Which option can not keep secrets out of Terraform configuration files?
Which option can not keep secrets out of Terraform configuration files?
Marking the variable as sensitive does not keep secrets out of Terraform configuration files. It only ensures that the sensitive data is not displayed in the output or logs when running Terraform commands. The other options (a shared credential file, environment variables, and using the -var flag) are methods that can be used to keep secrets out of the configuration files.
Question is about whether the sensitive values will be in terraform config files NOT about the state file. so B
B is the right answer
Marking a variable as sensitive doesn't encourage it to be kept out of the terraform files. It will only be omitted in stout or logs when the terraform command is run
A. A shared credential file. A shared credential file typically contains sensitive information and would be part of the configuration files or accessible in some manner, making it less secure for keeping secrets.
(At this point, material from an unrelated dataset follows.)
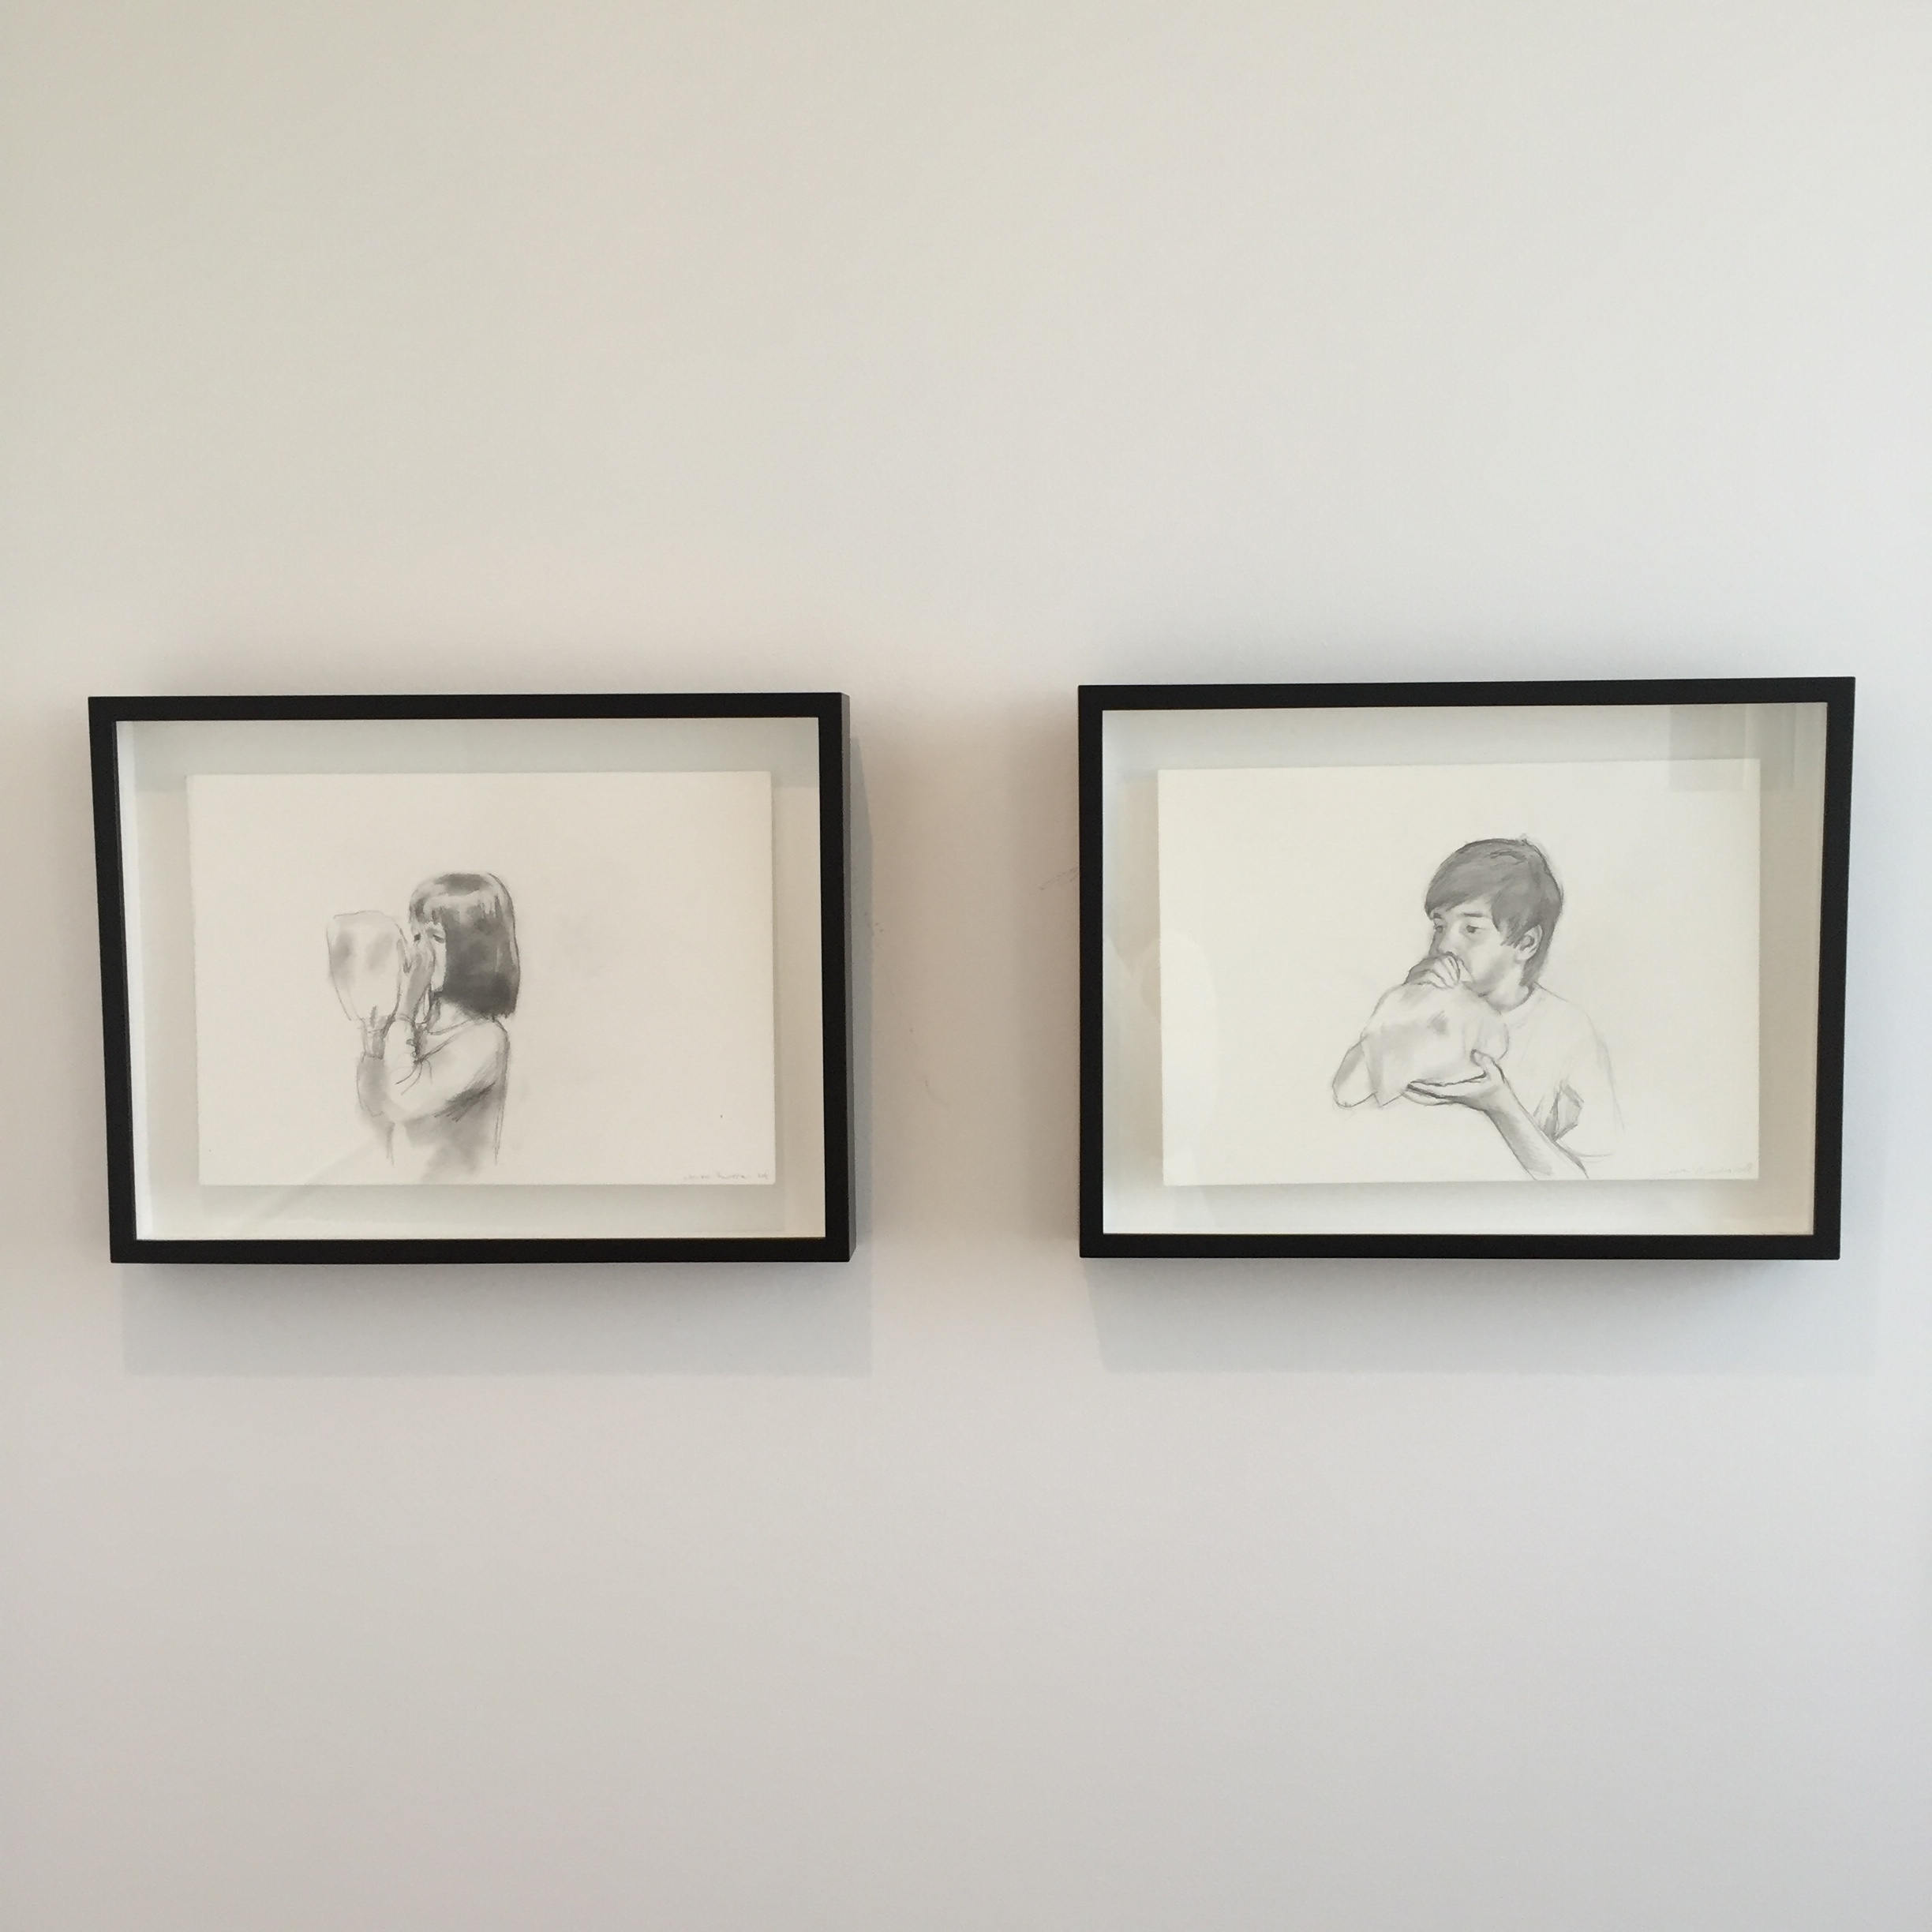  "Untitled (Pioneers)" (2008)  Graphite on paper  8 x 11.5 in each

The other options (marking variables as sensitive, using environment variables, and the -var flag) can help manage sensitive values without exposing them in configuration files.
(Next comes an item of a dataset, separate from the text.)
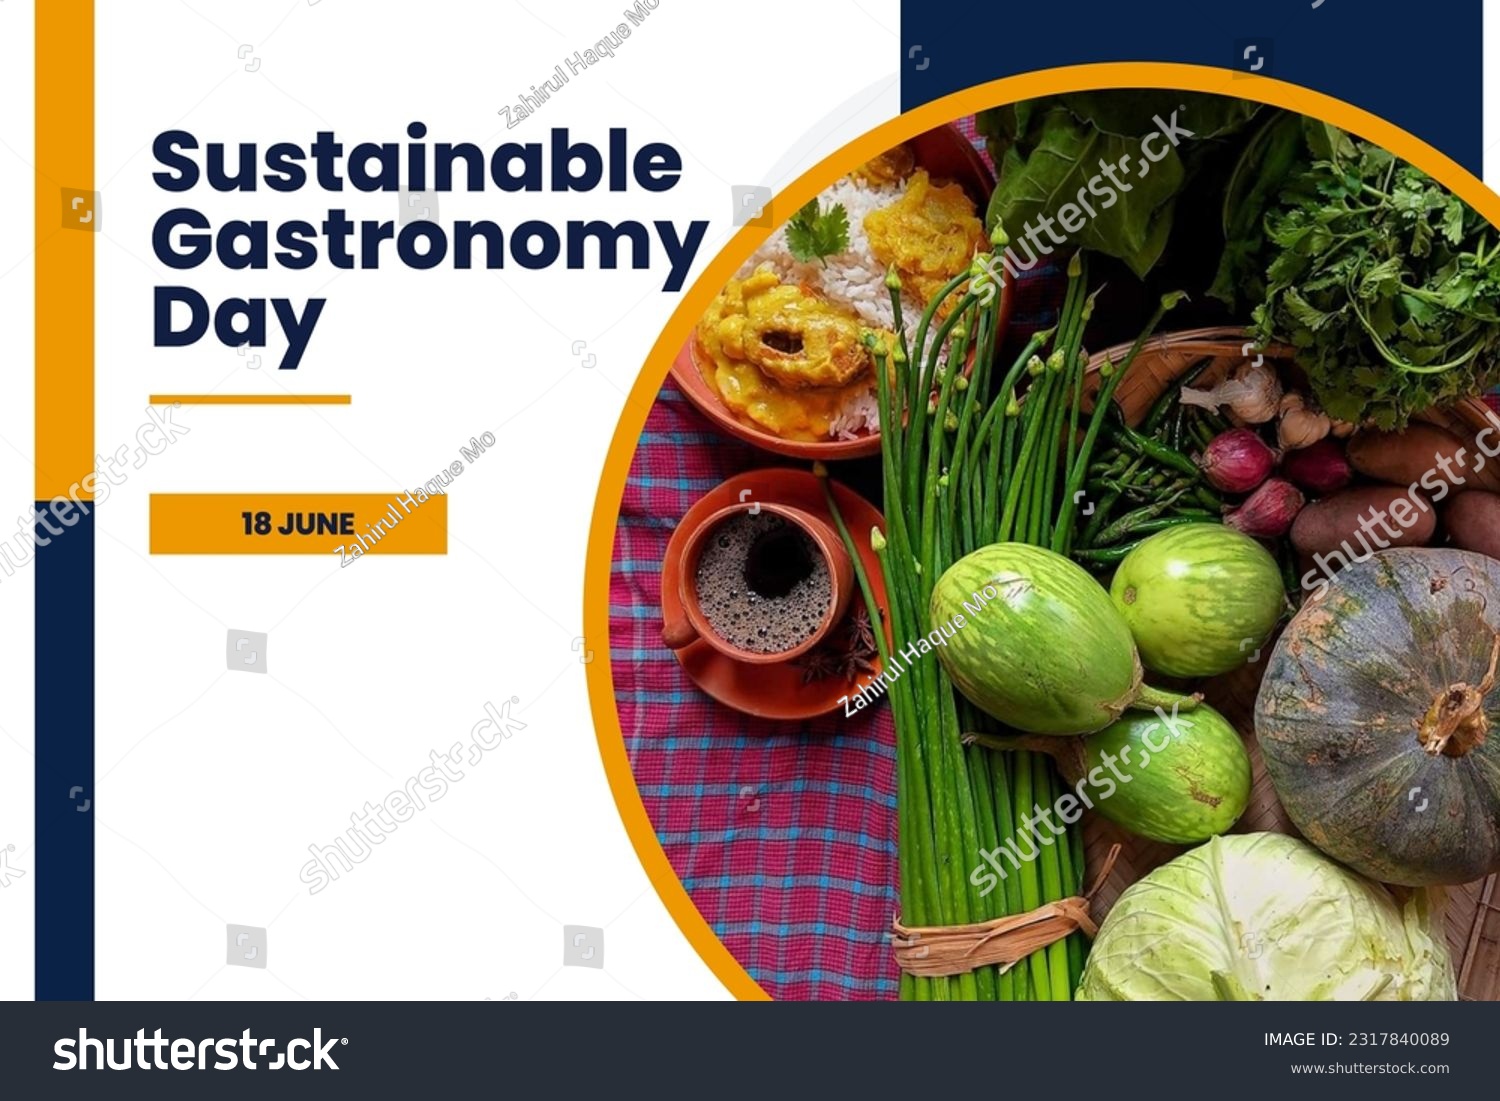 Sustainable Gastronomy Day 18 June #2317840089

Chatgpt Terraform configuration files contain the infrastructure code that can include sensitive data, such as API keys and credentials. There are multiple ways to keep these secrets safe: A. Shared credential file: This option is not a secure way to keep secrets, as the credential files are often stored in plaintext, which exposes sensitive information. B. Mark the variable as sensitive: This is a secure method to ensure that Terraform handles sensitive data properly. When variables are marked as "sensitive," their values will not be displayed in the output. C. Environment Variables: Environment variables are commonly used to store secrets securely. They prevent the secrets from appearing in the code or Terraform configuration files. D. -var flag: This allows variables to be passed directly via the command line. However, this is not a secure method because the values can be seen in command history or process logs. Answer: A. Shared credential file does not prevent secrets from appearing in Terraform configuration files.
Marking a variable as sensitive in Terraform prevents its value from being displayed in the CLI output, but it does not keep the secret out of Terraform configuration files or the state file. Sensitive variables are still stored in plaintext within the Terraform state file, making them accessible unless additional measures are taken to secure the state file.